#### [PROBLEM STATEMENT]
Would you reproduce each line below exactly, leaving every picture out?

====== DATASET EXCERPT ======

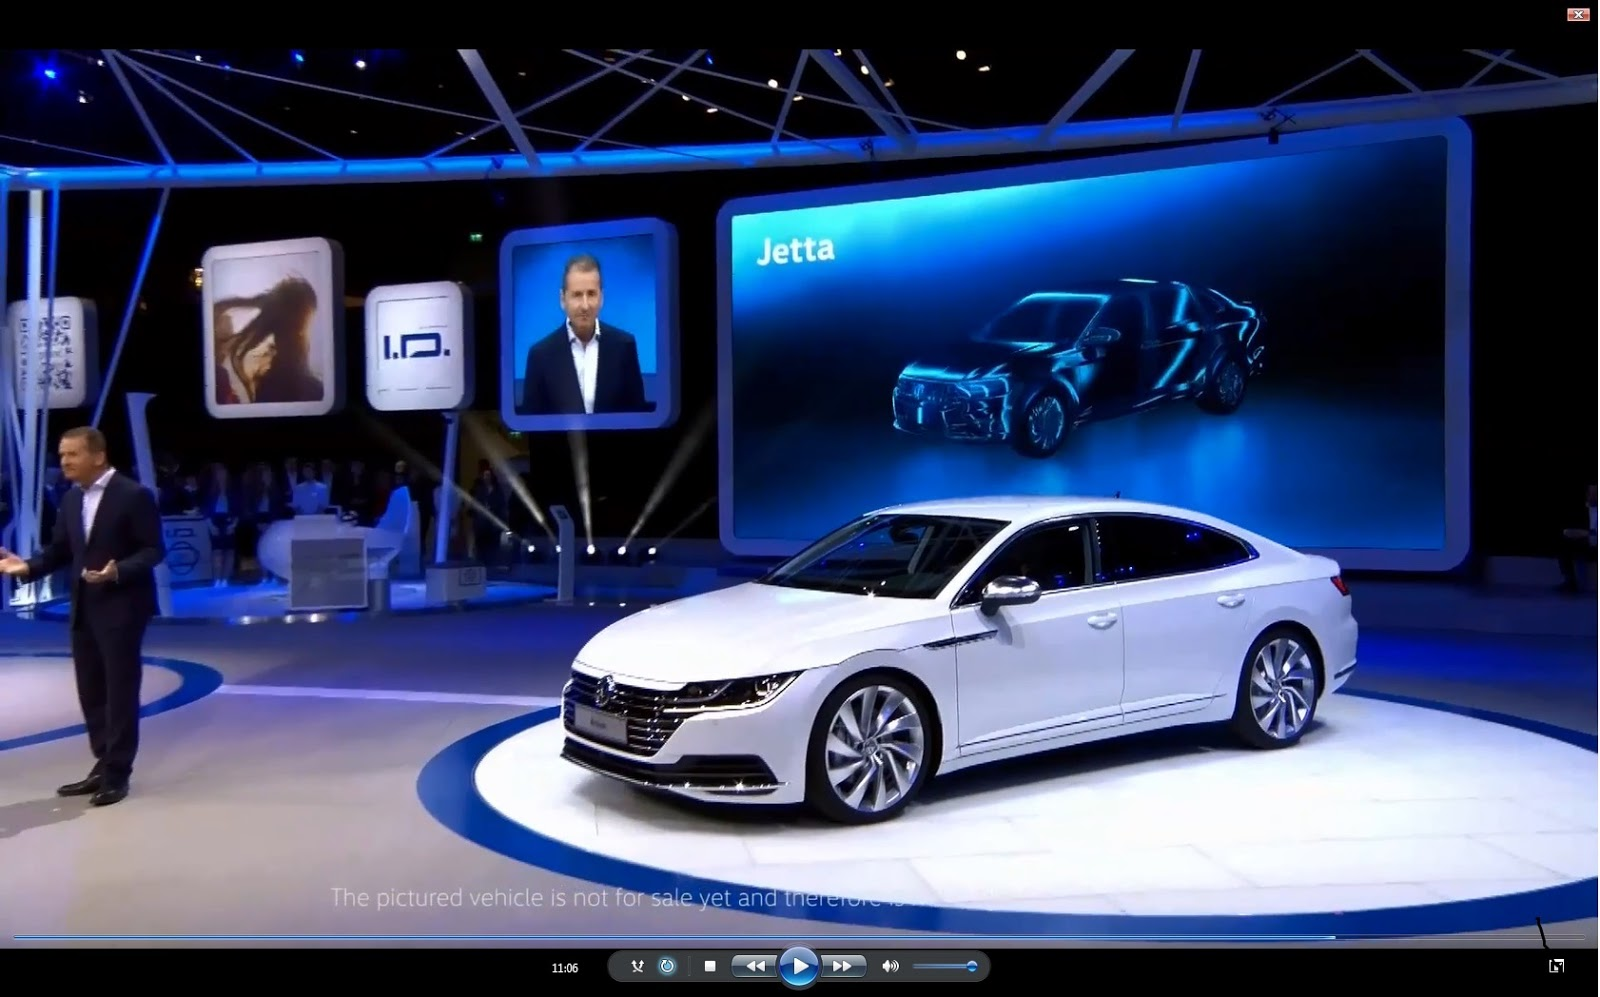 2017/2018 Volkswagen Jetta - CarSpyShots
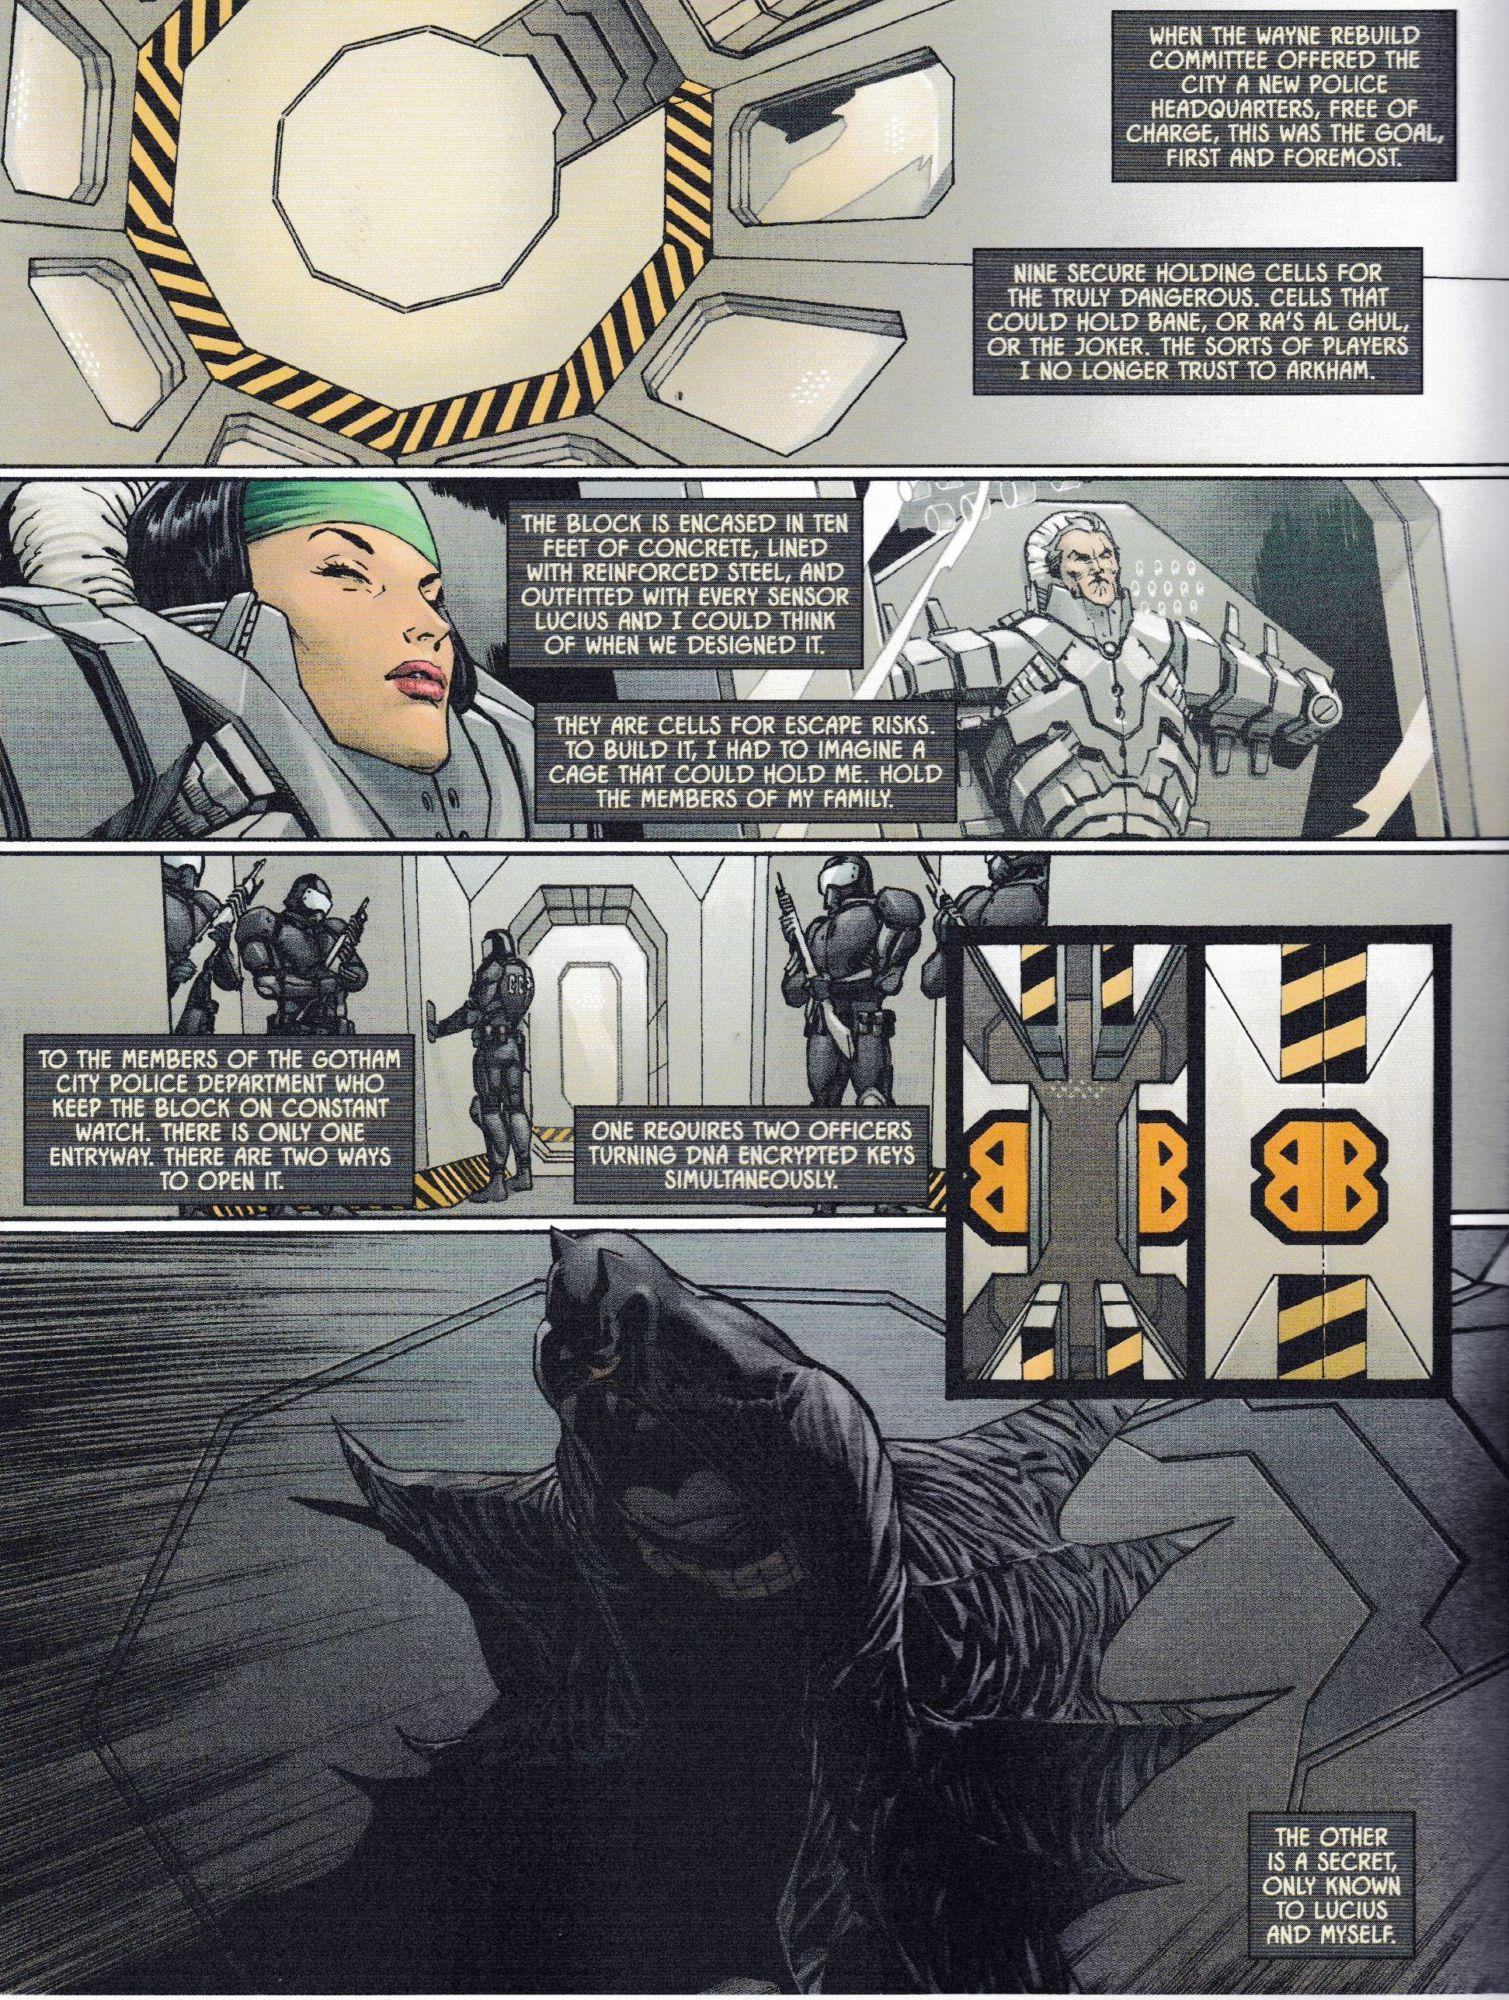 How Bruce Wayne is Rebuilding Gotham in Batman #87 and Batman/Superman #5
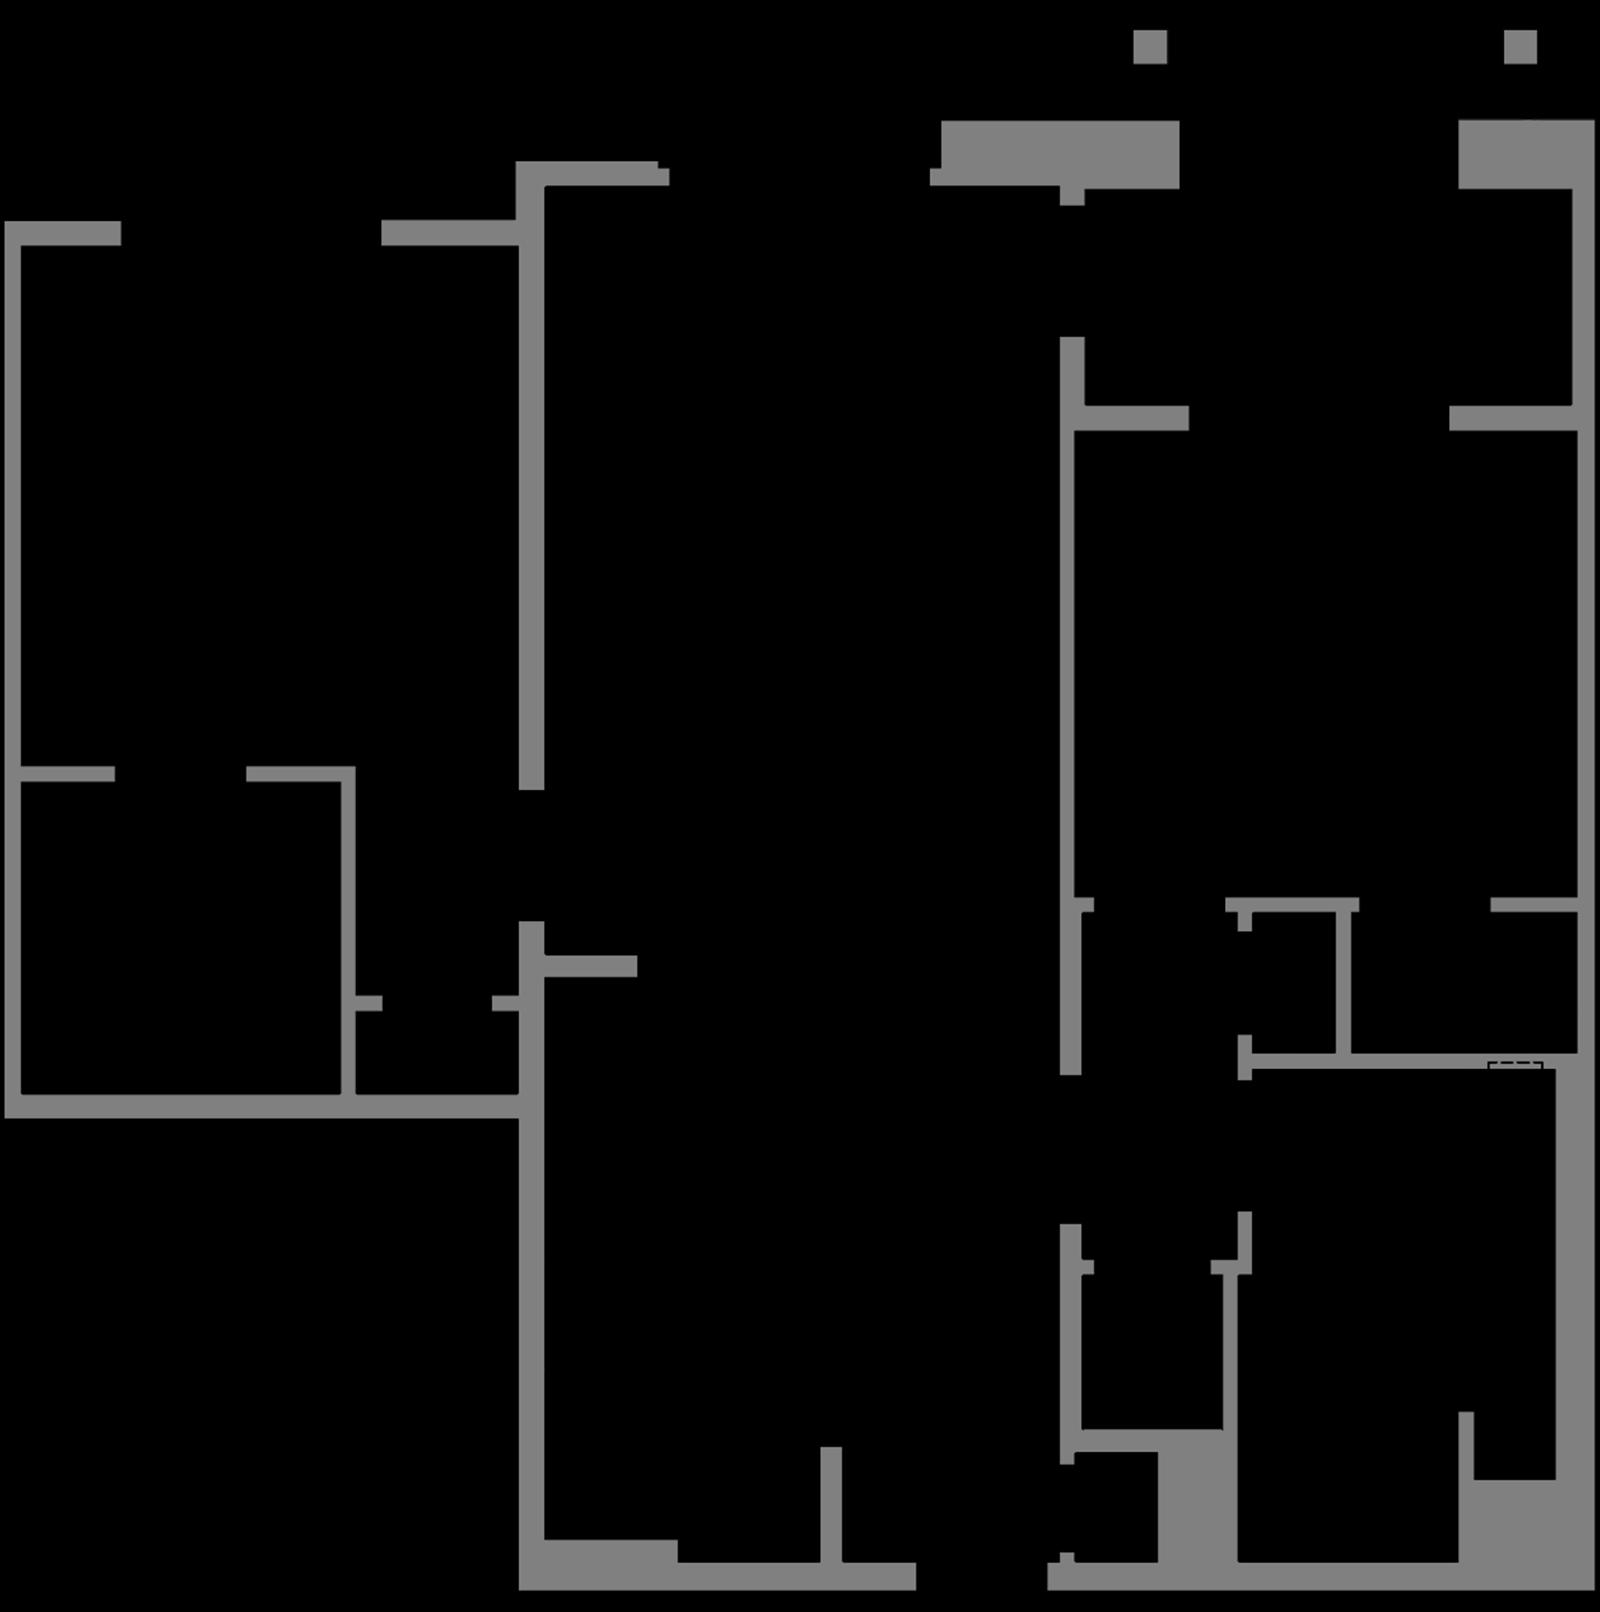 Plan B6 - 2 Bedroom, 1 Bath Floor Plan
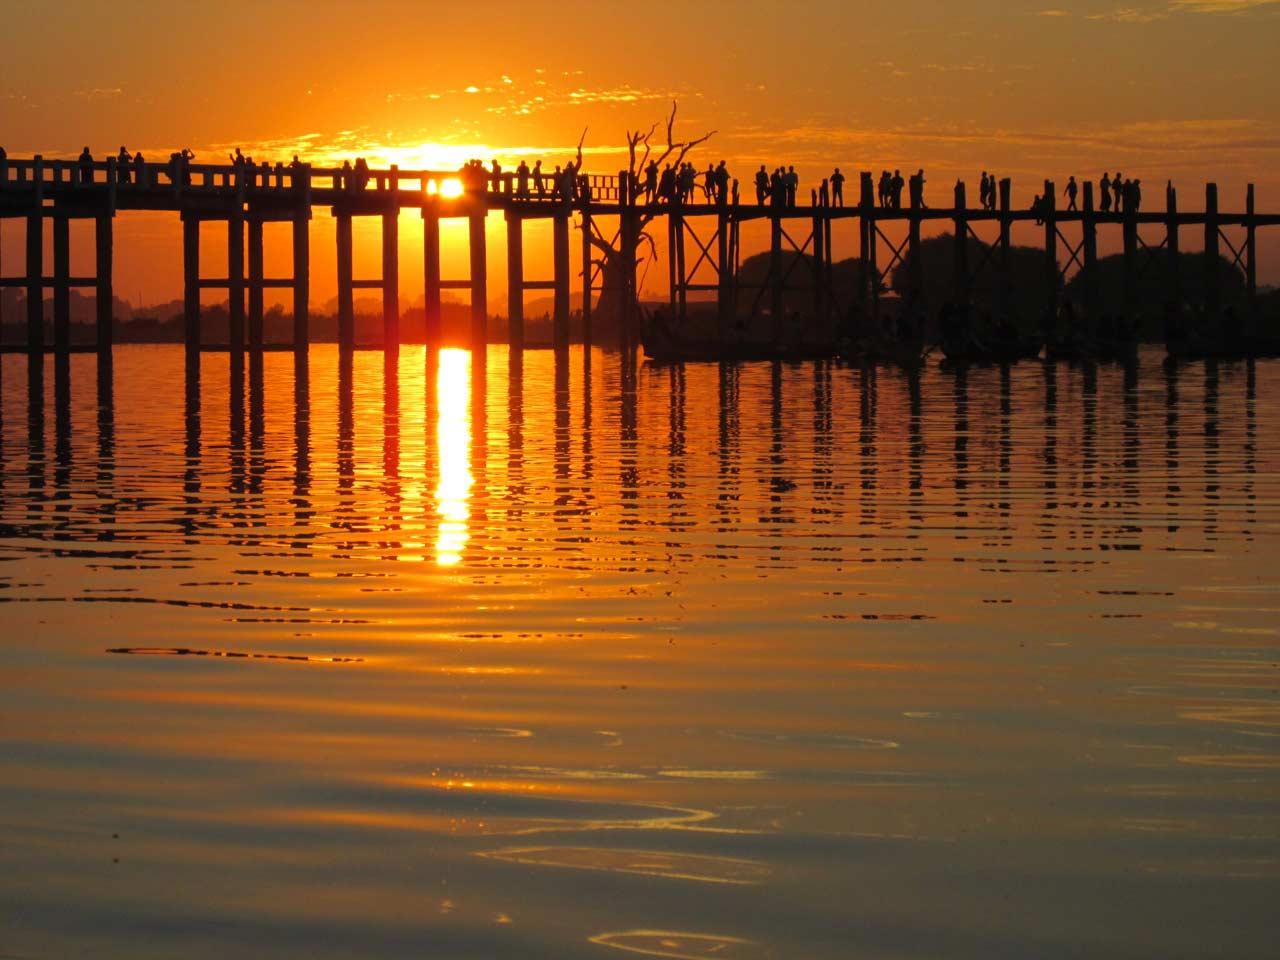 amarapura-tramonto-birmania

======

#### [TASK ANSWER]
 2017/2018 Volkswagen Jetta - CarSpyShots
 How Bruce Wayne is Rebuilding Gotham in Batman #87 and Batman/Superman #5
 Plan B6 - 2 Bedroom, 1 Bath Floor Plan
 amarapura-tramonto-birmania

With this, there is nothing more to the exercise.